By Guest Contributor Aurin Squire, cross-posted from Six Perfections
I was in the middle of chairing a meeting. We were at break when someone rushed in and interrupted our separate conversations.
Whitney Houston is dead.
I wanted to cry. The meeting went on as if on autopilot. I went through the agenda and don’t even remember what I said.
Dazed, I started talking. Too much. I was downright babbling in conversation with people. The news wasn’t penetrating. I wouldn’t allow it. A whipped a meringue coating. I spun with words, pontificated, quipped, and orchestrated several conversations somewhere above my head. I was looking down on the proceedings.
I didn’t know who to talk to about this because I didn’t even know what I should be feeling.
On the subway coming home a couple of teenagers were singing her songs into the train tunnel.
The words echo’ed as the wind of an incoming train blew through the station. The voices and whoosh of wind gave everything a ghostlike feel of spirits leaving on an exhale.
I found it grotesque at first. The teenage laughter seemed to mock the news. And then what was obscene became ephemeral. Secular music became gospel due to circumstance and location. They went through a Whitney playlist.
Didn’t we almost have it all …
I leaned my head against the 14th street sign on the green post as their voices were soon drowned out by the braking F-train.
Very few were talking. No jovial chatter and drunken banter when the doors opened. I wanted something loud, offensive, and distracting. I transferred at the next stop. I was hoping for loud banging buckets or a Black klezmer musician who some times take over the entire space with abstract atonal screeching that mimics careening trains.
There was one guitarist singing a folks song. It was a gentle lullaby and not the sort of thing you expect from New York street performers on a Saturday night in prime time.
The D train pulled up. Passengers weren’t crowding up to the doors.
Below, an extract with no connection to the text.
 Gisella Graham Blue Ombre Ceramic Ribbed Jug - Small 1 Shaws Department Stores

There was almost a fear of breaking the lullaby and frail atmosphere. People deferred and waited. The doors opened and there was hesitation. I stepped inside.
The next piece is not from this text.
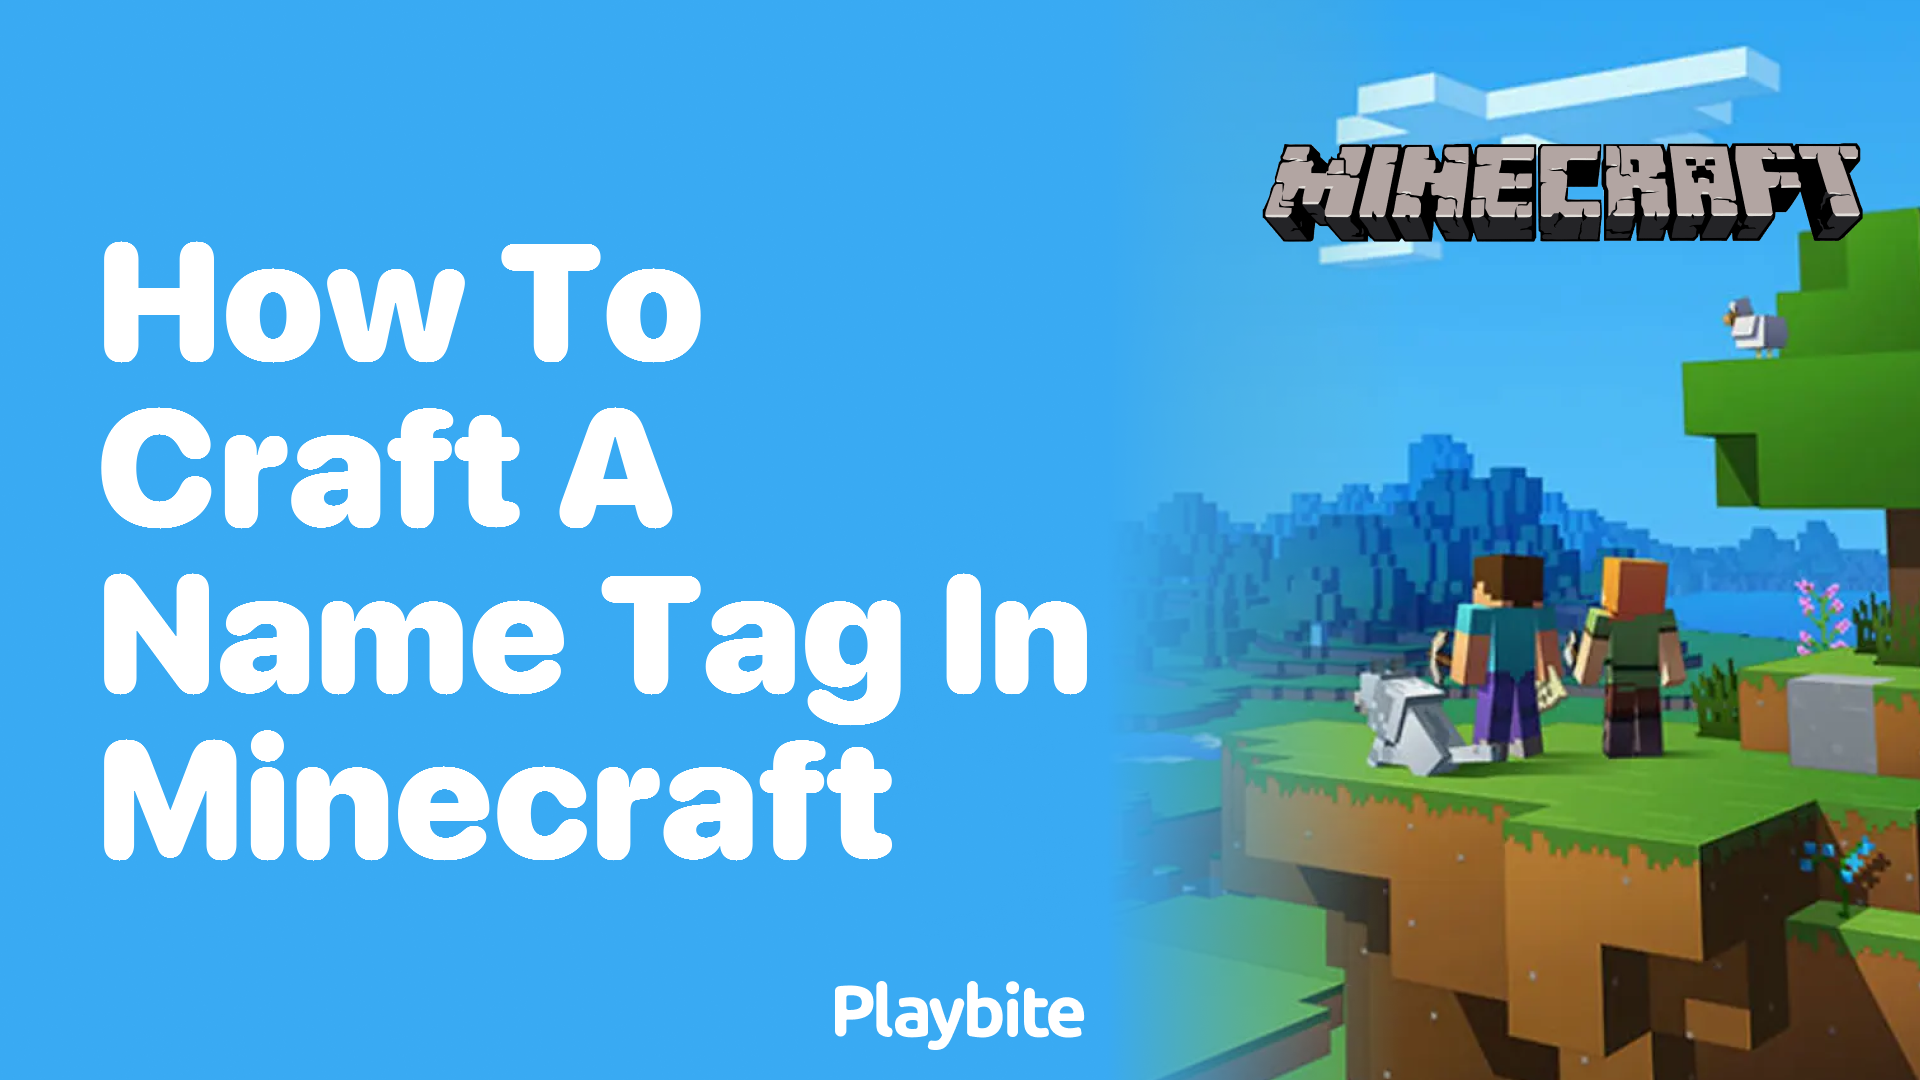 How to Craft a Name Tag in Minecraft - Playbite

Inside the D-train a young Black guy in a shiny leather jacket had his feet up and taking up 4 seats. His headphones were on and his eyes were closed. He looked sick and dazed.
At another stop, another set of passengers deferred to me when the doors opened. I motioned for them to go in and they insisted that I go first. I staggered in and sat down.
I’m still processing, still reliving, and remembering.
What’s sad is that Whitney’s death was shocking but not surprising. What’s sad is that the news seemed overdue and inevitable. That’s what a Greek tragedy feels like.
I remember standing outside Boiler Room years ago. I had too much to drink and a patron was flirting with me. He was telling me how beautiful I was and how I looked like no one else in the bar. I didn’t know how to respond to this compliment. My mind thought of beauty and in a beer haze I started babbling about Whitney Houston. I told him about my favorite performance: “Why Does It Hurt So Bad.” I gave an aesthetic breakdown of the perfect performance. The way Whitney Houston manipulated and guided the pace. Her body language and delivery. That was beautiful. and in the midst of a meaningless MTV Movie Awards Show.
He nodded along, but I could tell he was pretending. I recognized that nodding. It was “I’ll agree with whatever you want if you like me back.” I wanted him to really understand so I began to further explain why the performance was perfect. He continued nodding like a bobble head and exclaiming “wow” and “so fascinating” as I attempted to break through to him. It wasn’t working. I excused myself, hopped on the subway, and went home.
I wanted him to understand what I couldn’t describe, what I still can’t. I wanted to transfer my love through words. But it’s something you have to feel. I can’t fully express how I feel because it is beyond syllables and sentences. It is a soulful sadness. Whitney, I miss you already.